For the analysis of length-of-stay (LOS) data, which is characteristically right-skewed, a number of statistical estimators have been proposed as alternatives to the traditional ordinary least squares (OLS) regression with log dependent variable.
Using a cohort of patients identified in the Australian and New Zealand Intensive Care Society Adult Patient Database, 2008–2009, 12 different methods were used for estimation of intensive care (ICU) length of stay. These encompassed risk-adjusted regression analysis of firstly: log LOS using OLS, linear mixed model [LMM], treatment effects, skew-normal and skew-t models; and secondly: unmodified (raw) LOS via OLS, generalised linear models [GLMs] with log-link and 4 different distributions [Poisson, gamma, negative binomial and inverse-Gaussian], extended estimating equations [EEE] and a finite mixture model including a gamma distribution. A fixed covariate list and ICU-site clustering with robust variance were utilised for model fitting with split-sample determination (80%) and validation (20%) data sets, and model simulation was undertaken to establish over-fitting (Copas test). Indices of model specification using Bayesian information criterion [BIC: lower values preferred] and residual analysis as well as predictive performance (R2, concordance correlation coefficient (CCC), mean absolute error [MAE]) were established for each estimator.
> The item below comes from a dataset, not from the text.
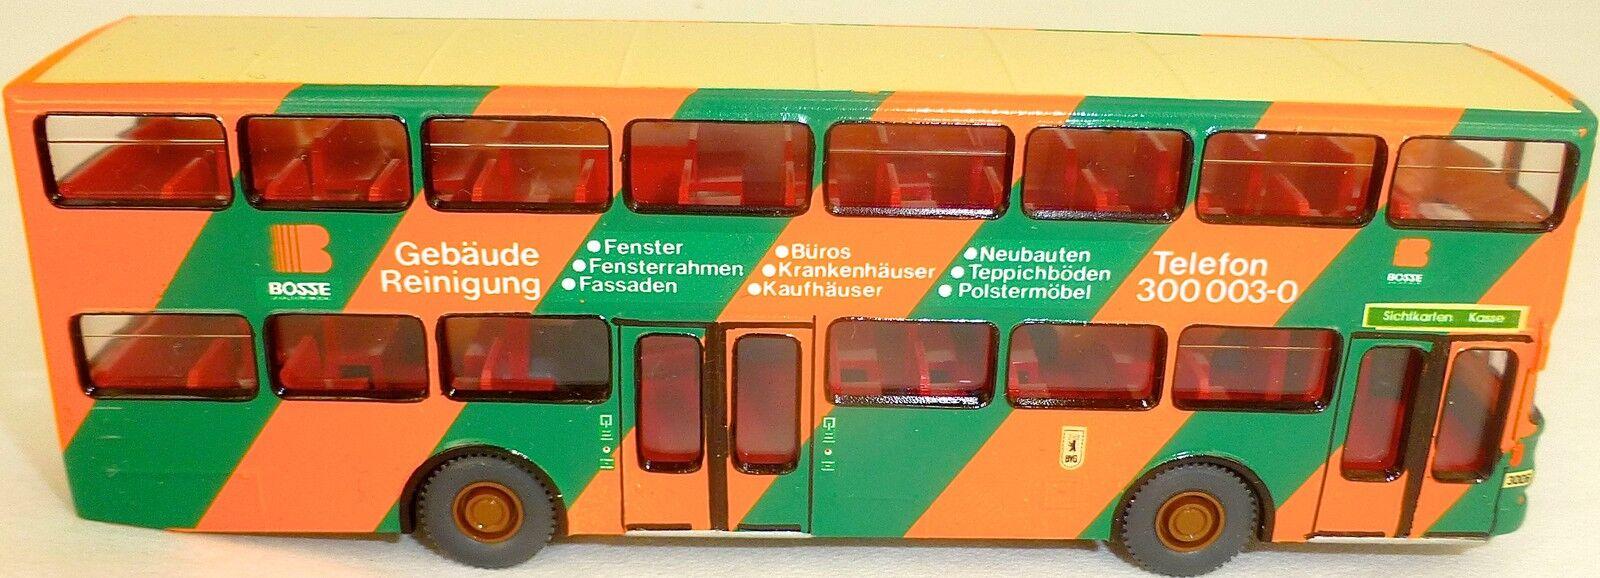 Patrons 19e werbebus on SD 200 gesupert de WIKING BUS h0 1 87 bf37 å

The data-set consisted of 111663 patients from 131 ICUs; with mean(SD) age 60.6(18.8) years, 43.0% were female, 40.7% were mechanically ventilated and ICU mortality was 7.8%. ICU length-of-stay was 3.4(5.1) (median 1.8, range (0.17-60)) days and demonstrated marked kurtosis and right skew (29.4 and 4.4 respectively). BIC showed considerable spread, from a maximum of 509801 (OLS-raw scale) to a minimum of 210286 (LMM). R2 ranged from 0.22 (LMM) to 0.17 and the CCC from 0.334 (LMM) to 0.149, with MAE 2.2-2.4. Superior residual behaviour was established for the log-scale estimators. There was a general tendency for over-prediction (negative residuals) and for over-fitting, the exception being the GLM negative binomial estimator. The mean-variance function was best approximated by a quadratic function, consistent with log-scale estimation; the link function was estimated (EEE) as 0.152(0.019, 0.285), consistent with a fractional-root function.
For ICU length of stay, log-scale estimation, in particular the LMM, appeared to be the most consistently performing estimator(s). Neither the GLM variants nor the skew-regression estimators dominated.